January 2009 Archives


You may have seen or heard the recent headlines, along the lines of "Women's Hands 'Germier' than Men's." The report behind the rather misleading news flash is more interesting.
University of Colorado professor Noah Fierer studies the ecology of bacteria, fungi, and related microbes in natural systems such as soil, water, and the atmosphere. Turning his survey techniques to the human body, he looked at the diversity of bacteria on the hands of 51 students--all healthy except for the interesting twist that they'd all just finished their final exams. (Sweatier palms than usual, perhaps?)
Fierer and his colleagues used a gene-sequencing technique to count the number of different types of bacteria on each subject's hands. They tallied an impressive 4,742 types.
The quirky news headlines jumped out of the unexpected finding that the hands of female students harbored a greater diversity (but not necessarily more germs, per se) than did the guys'.

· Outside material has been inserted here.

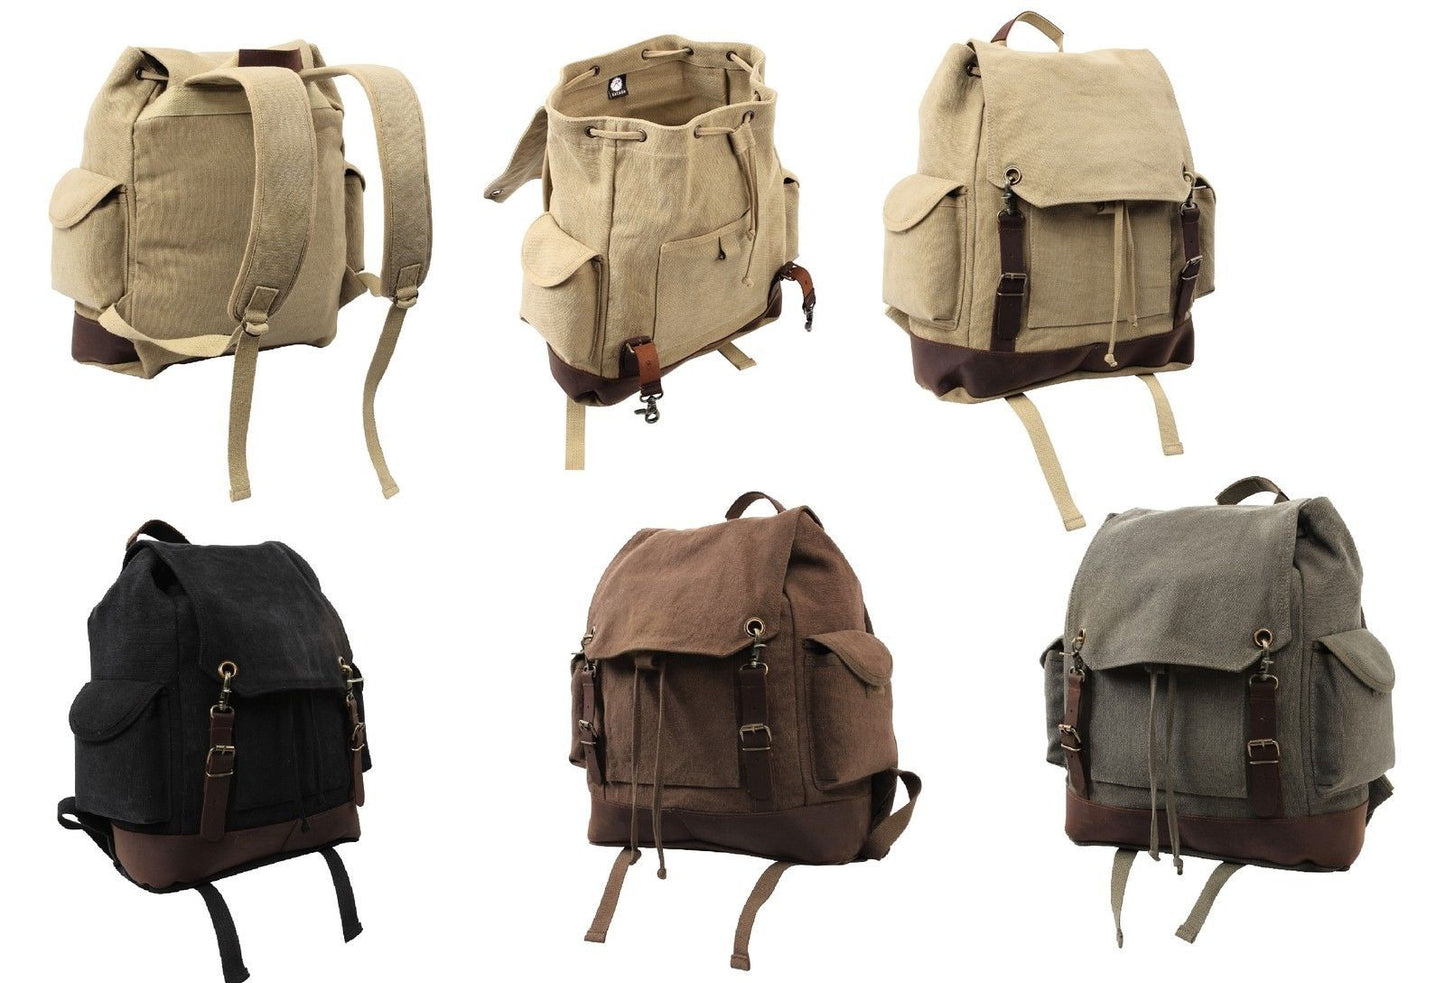 Vintage Expedition Rucksacks - Adventure Backpack Bags

Just as interesting, perhaps, was the finding that while everyone seemed to share a core group of common skin bacteria, these common species made up just 13 percent of the total diversity. In fact, over 80 percent of the microbial species found on a person's left hand were different from those found on the right.
All this seems to suggest that most of the bacteria on our hands are fleeting transients. We pick them up as we touch objects, surfaces, and other body parts.
That said, the researchers found that hand washing--while a good idea when you're around others who might be ill--did little to change the diversity of the a palm's rainforest-rich ecosystem.